What problem does this paper attempt to address?
The problem that this paper attempts to solve is the problem of insufficient generalization ability in **Zero - Shot Spatio - Temporal Action Detection**. Specifically, the existing spatio - temporal action detection methods mainly rely on fully - supervised learning, which makes them only able to recognize the action categories included in the training phase and cannot be well generalized to unseen action categories. To overcome this limitation, the author proposes a new method, aiming to use pre - trained image - language models (such as CLIP) to detect unseen actions.
### Main problems
1. **Limitations of existing methods**: Current methods mainly focus on fully - supervised learning, resulting in poor performance in recognizing unseen action categories.
2. **Challenges in multi - action videos**: In real - life scenarios, there may be multiple individuals performing different actions simultaneously in a video, which poses higher requirements for existing methods.
3. **Cost of data annotation**: Fully - supervised learning requires a large amount of annotated data, and the annotation process is very time - consuming and costly.
### Solutions
To solve the above problems, the author proposes the ST - CLIP framework, which specifically includes the following aspects:
- **Person - Context Interaction**: Use the visual knowledge of CLIP to model the relationship between people and their surrounding environment without the need for additional interaction modules.

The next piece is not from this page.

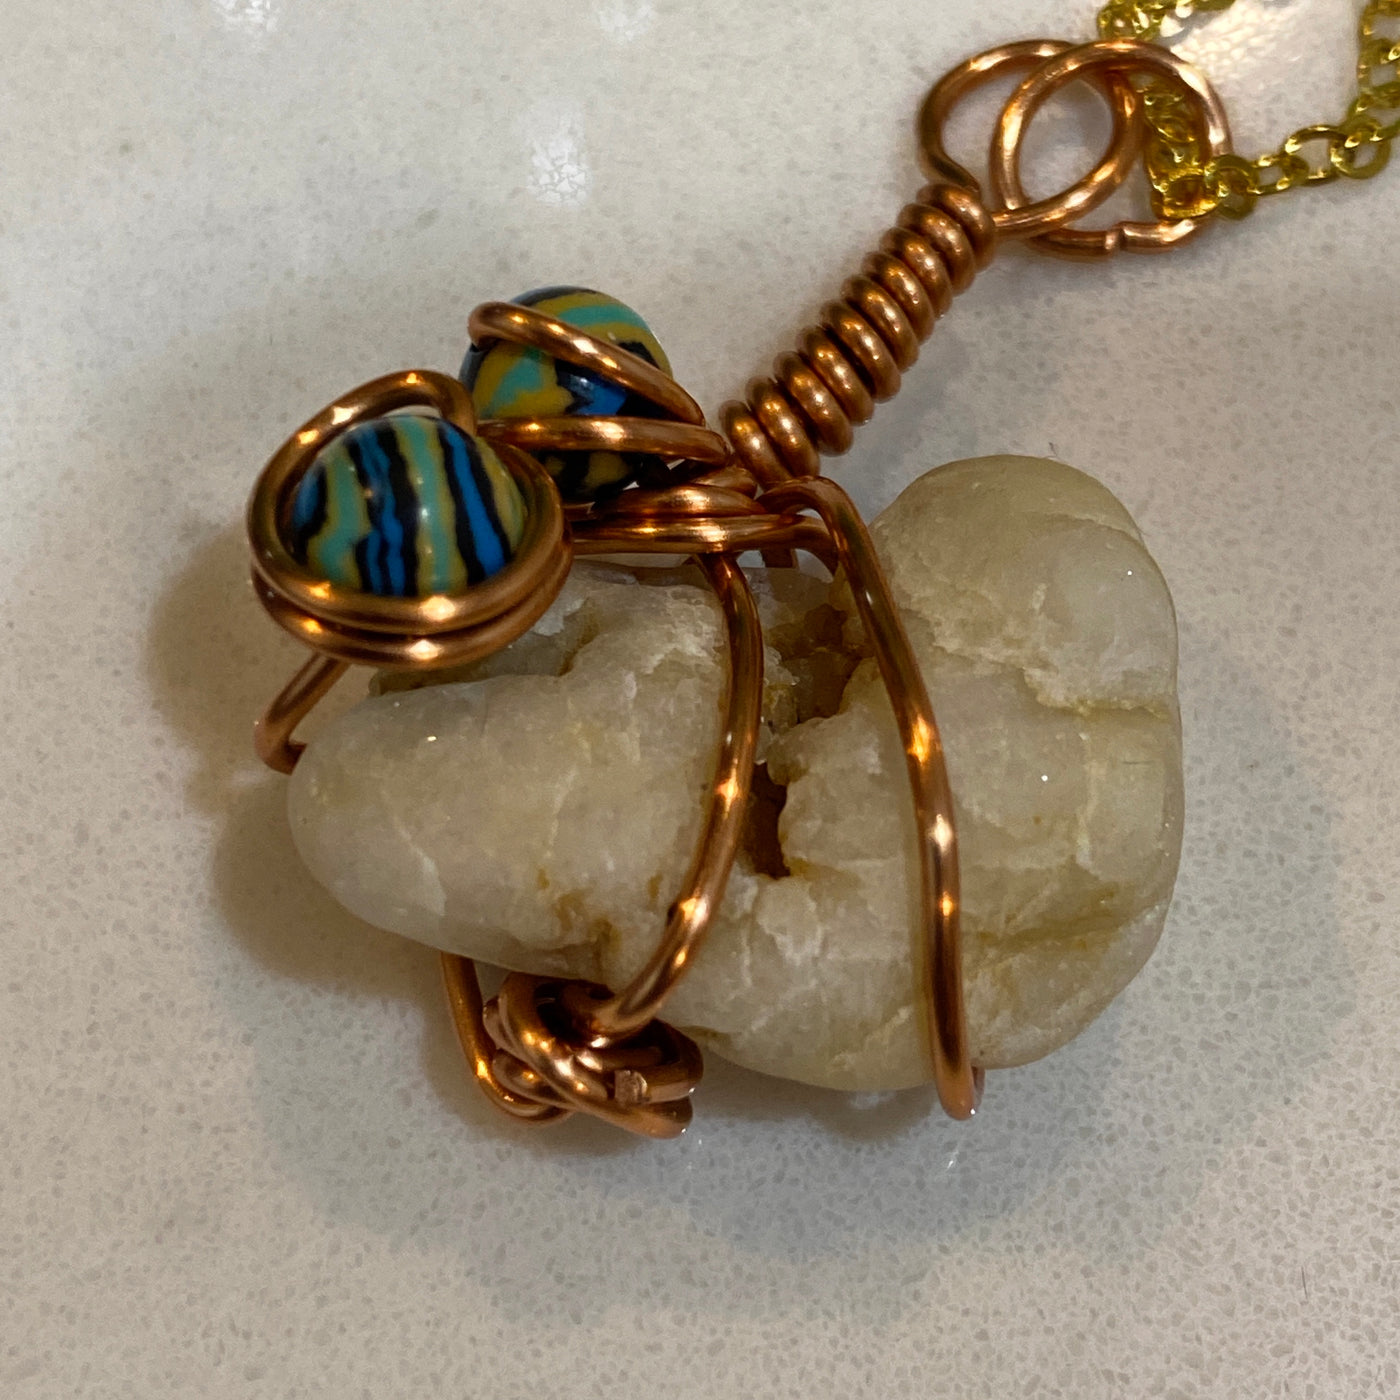 White natural stone, blue malachite and wire. Small pendant.

- **Context Prompting**: Through a multi - level context - prompting module, gradually use spatio - temporal context information to enhance text descriptions, thereby improving the discriminative ability of classification.
- **Interest Token Spotting**: Introduce an interest token - spotting mechanism to identify the context tokens most relevant to each individual's action and generate personalized text features.
### Evaluation methods
To evaluate the effectiveness of this method, the author established benchmark tests on three popular spatio - temporal action detection datasets (J - HMDB, UCF101 - 24, and AVA) and conducted extensive experiments. In particular, the author ensured a comprehensive evaluation of multiple unseen action categories through cross - validation and random selection of different category combinations.
### Experimental results
The experimental results show that ST - CLIP performs excellently in detecting unseen actions. Especially on the AVA dataset, it can effectively recognize different actions performed by different individuals in the same video. In addition, experiments on the J - HMDB and UCF101 - 24 datasets also prove the competitiveness of this method, demonstrating its potential in practical applications.
In conclusion, the main contribution of this paper is to propose a new framework that can effectively detect spatio - temporal actions in the zero - sample case, solve the lack of generalization ability of existing methods, and provide new ideas for future spatio - temporal action detection research.